## SUPPLIED INFORMATION
※

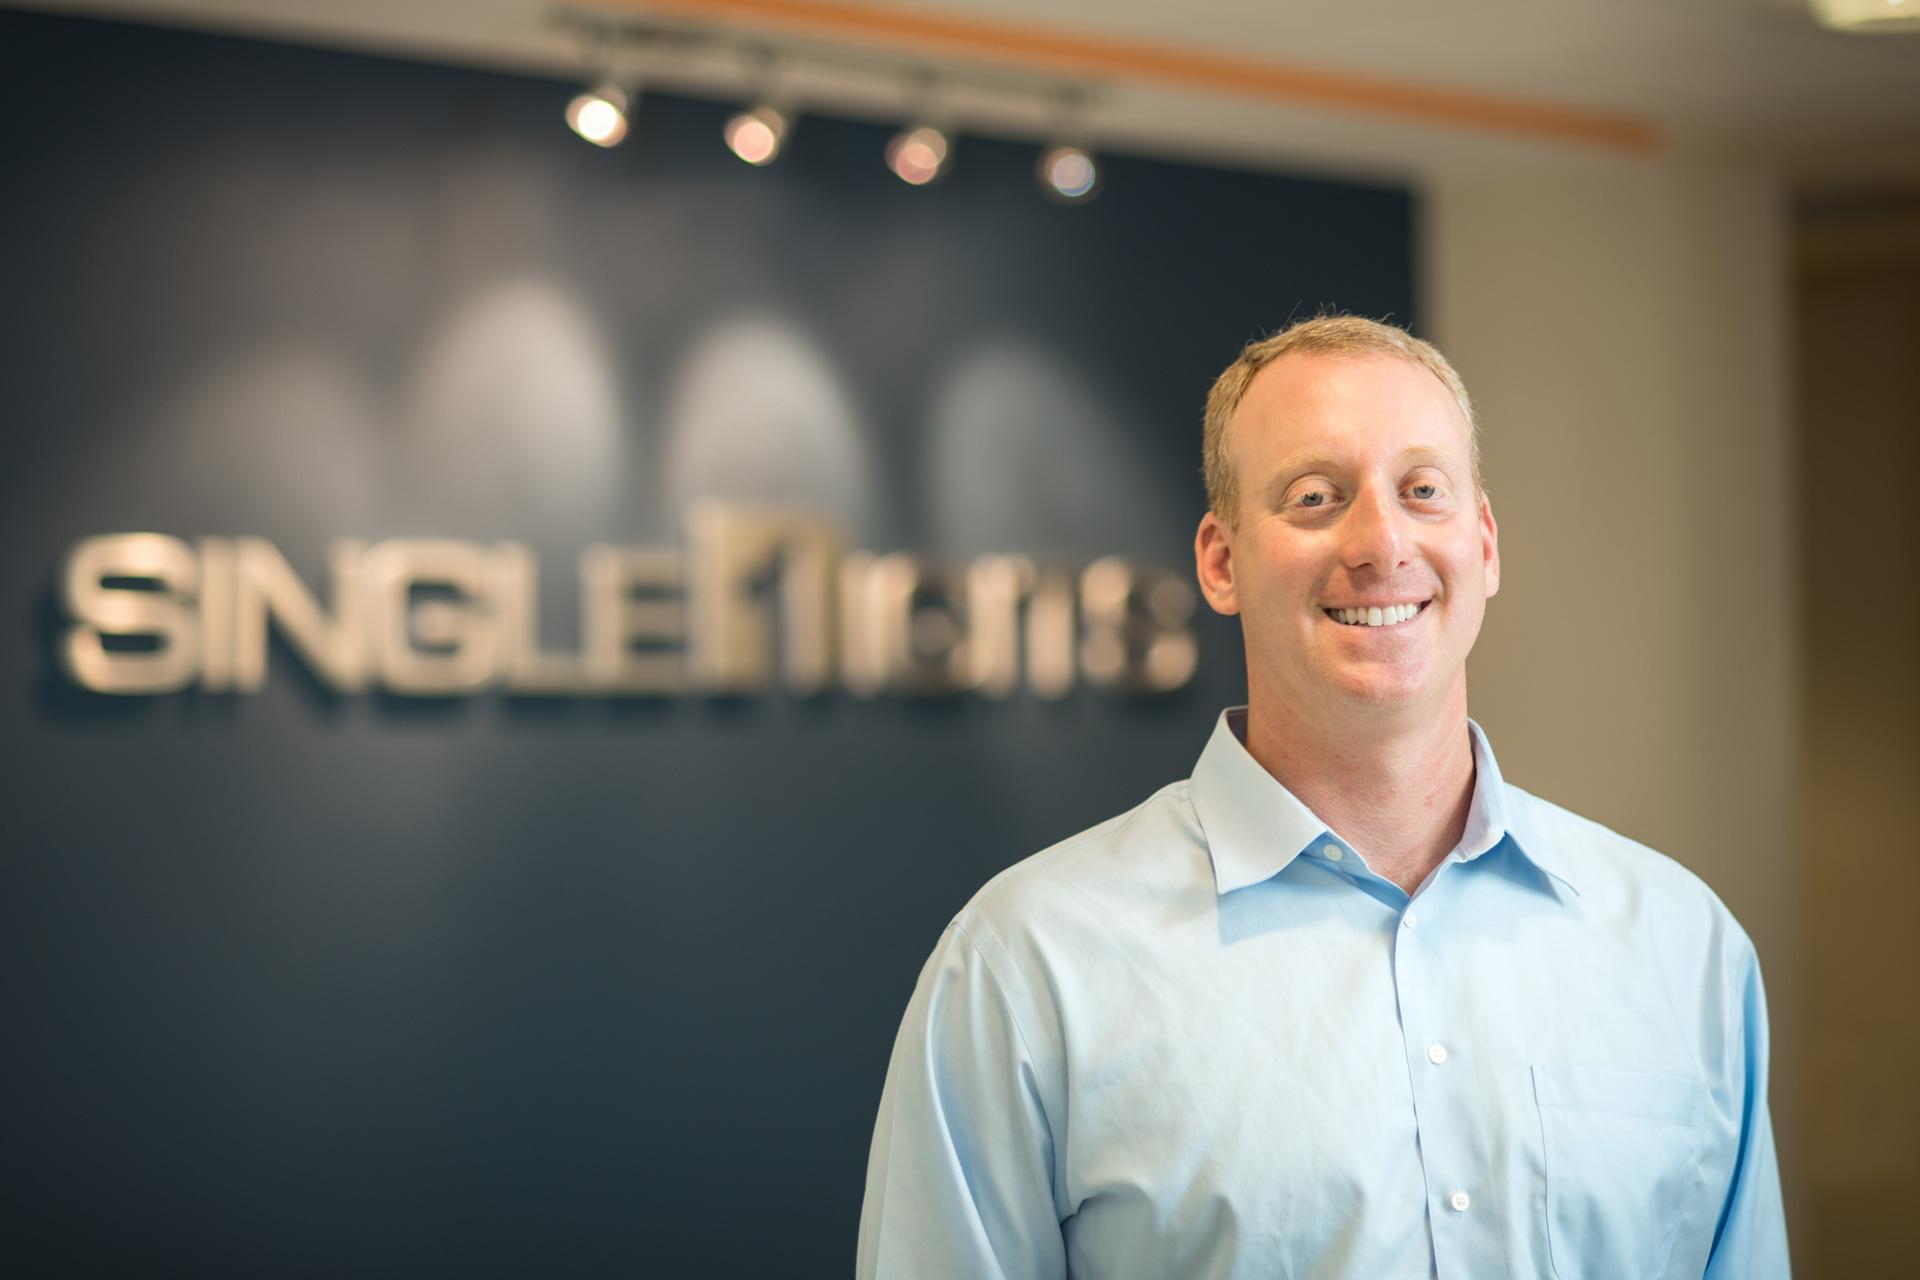 Single Digits co-founder Bob Goldstein
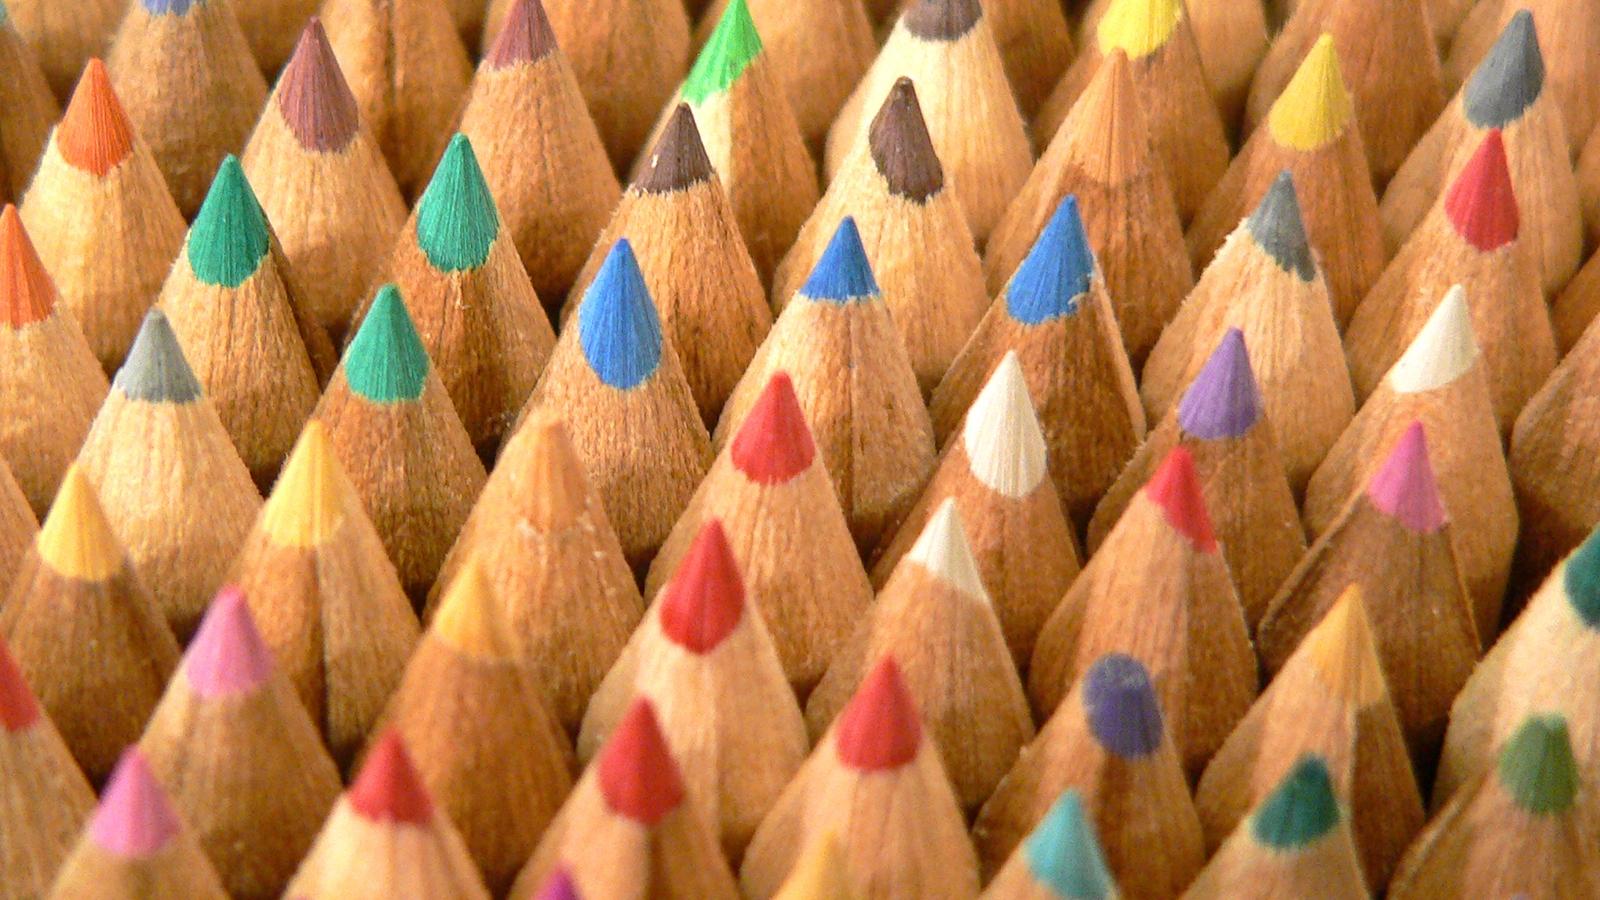 crayons-textute-front-1189541-1600x1200.jpg
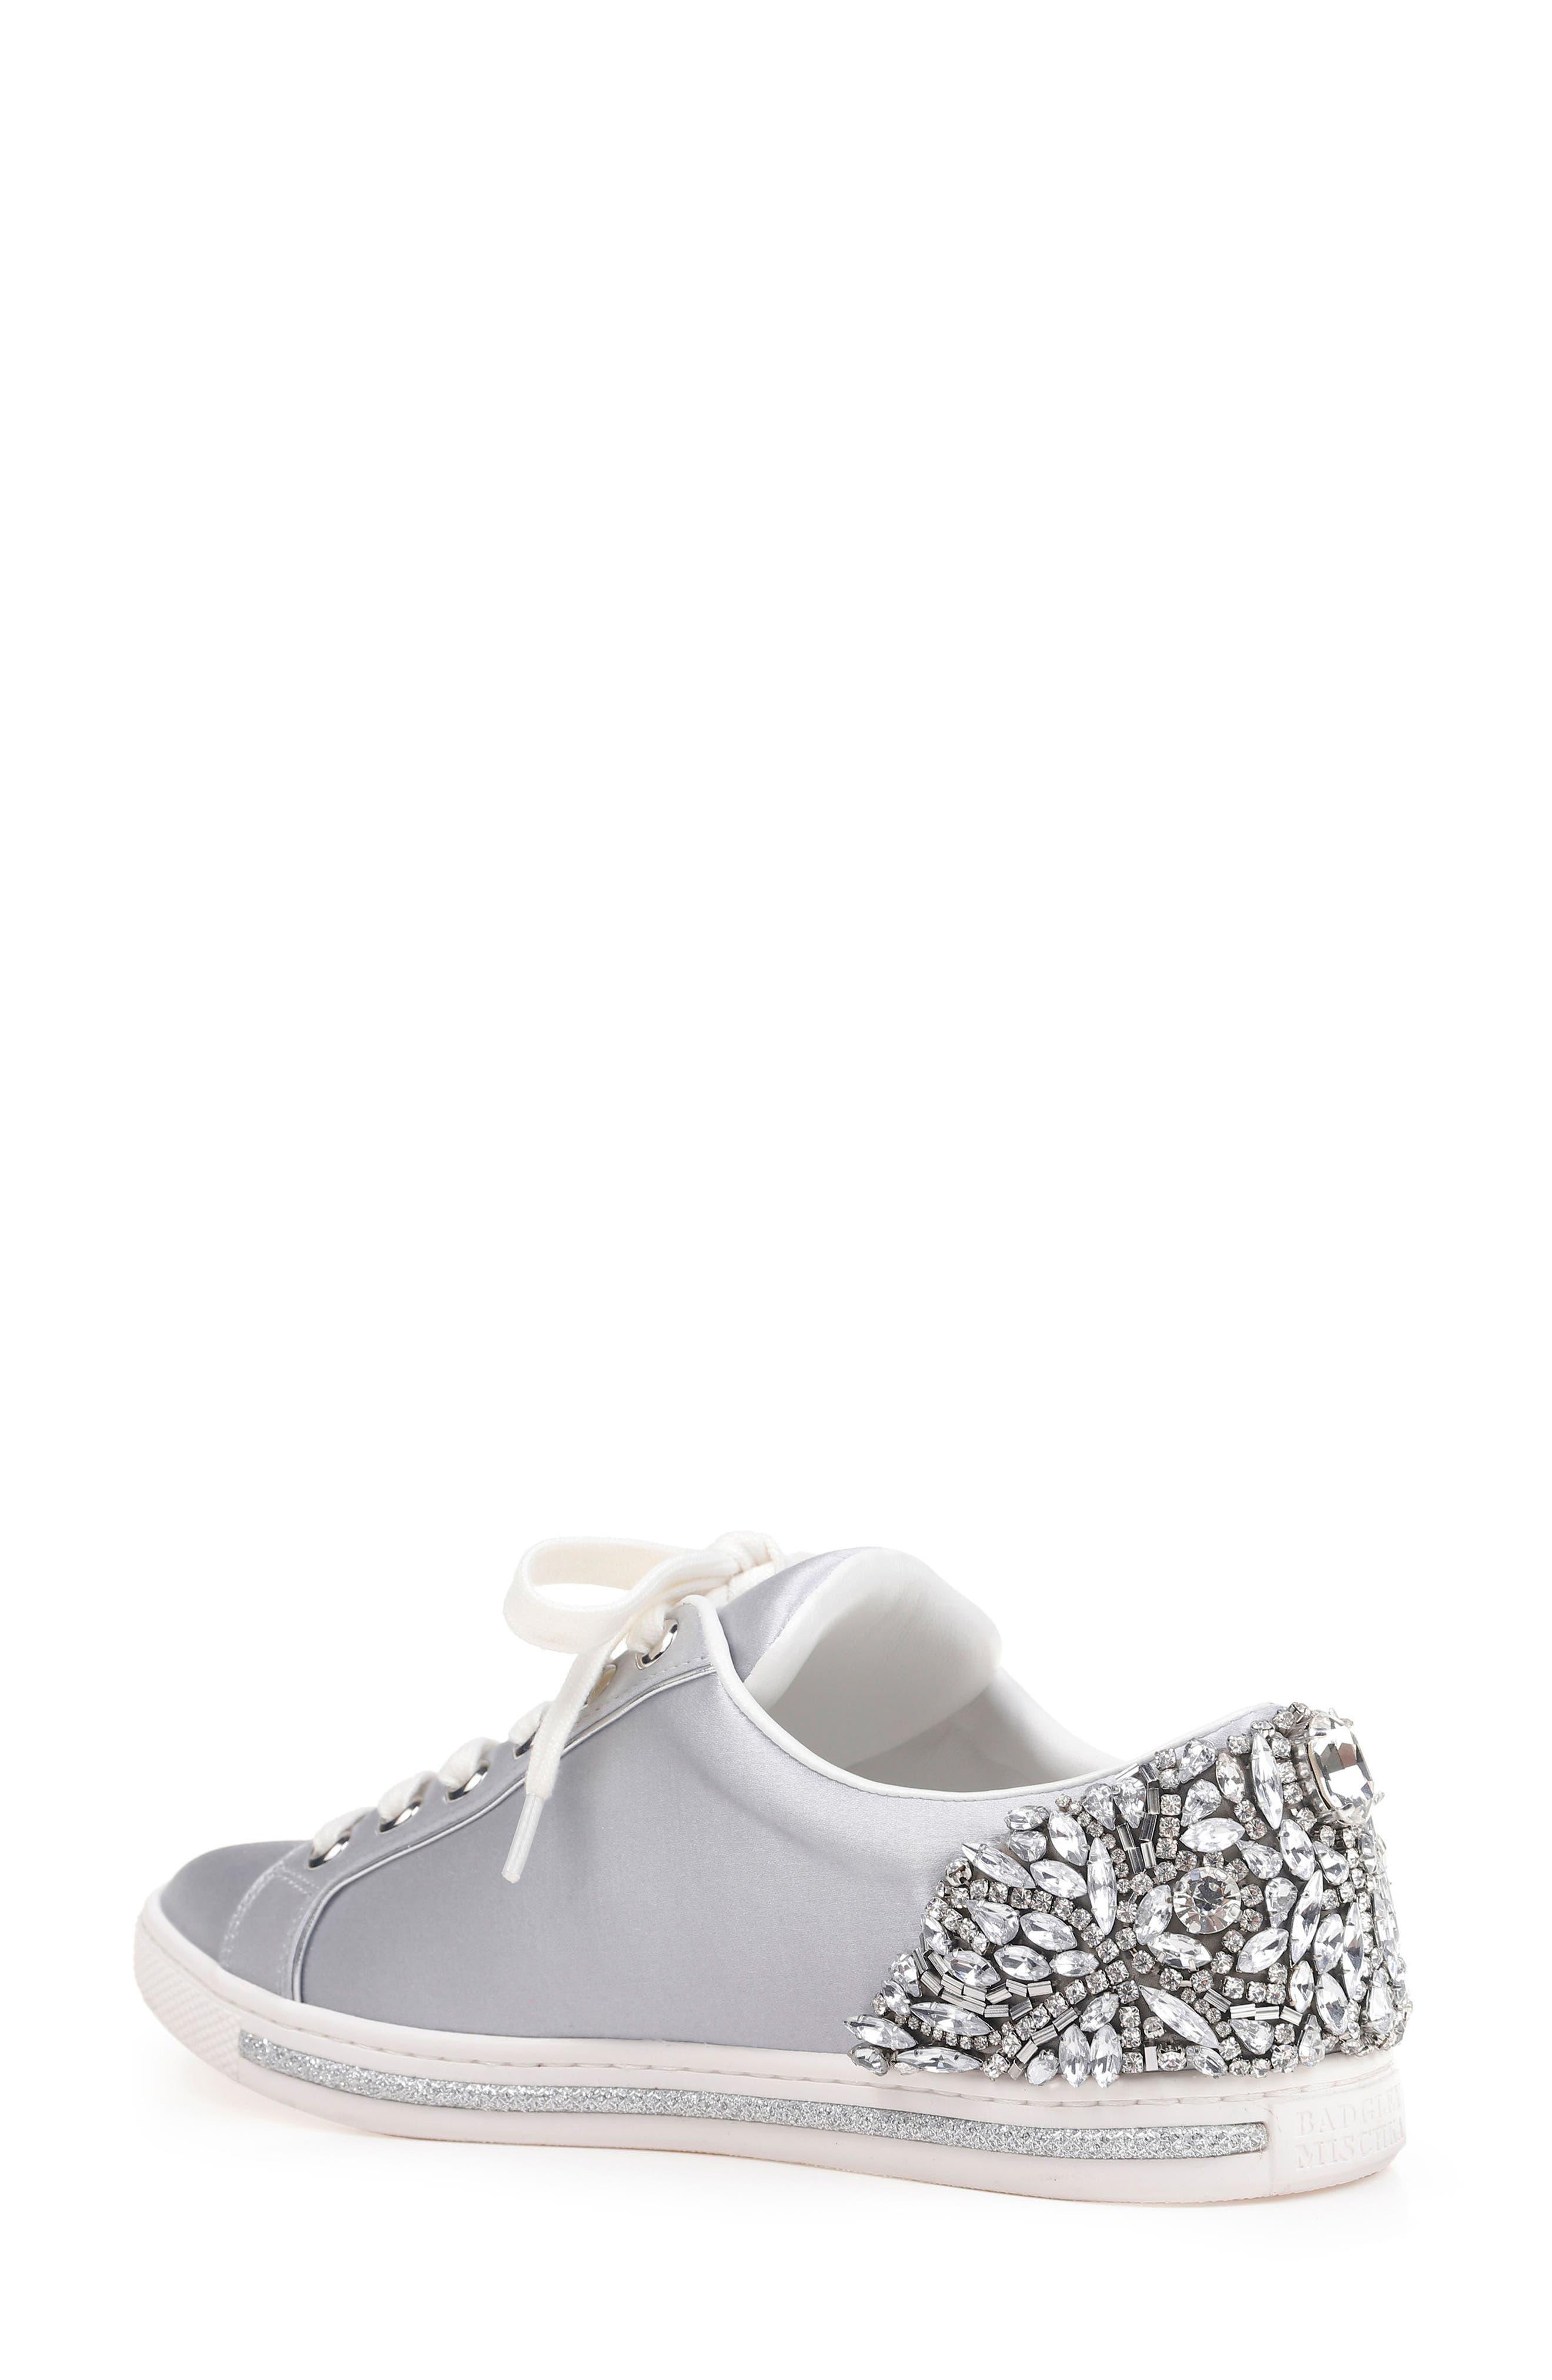 Badgley Mischka Shirley Crystal Embellished Sneaker,                             Alternate thumbnail 2, color,                             045

※

## TASK BRIEF
Each line of the data is to be duplicated exactly; pictures stay out of the copy.

## RESPONSE
 Single Digits co-founder Bob Goldstein
 crayons-textute-front-1189541-1600x1200.jpg
 Badgley Mischka Shirley Crystal Embellished Sneaker,                             Alternate thumbnail 2, color,                             045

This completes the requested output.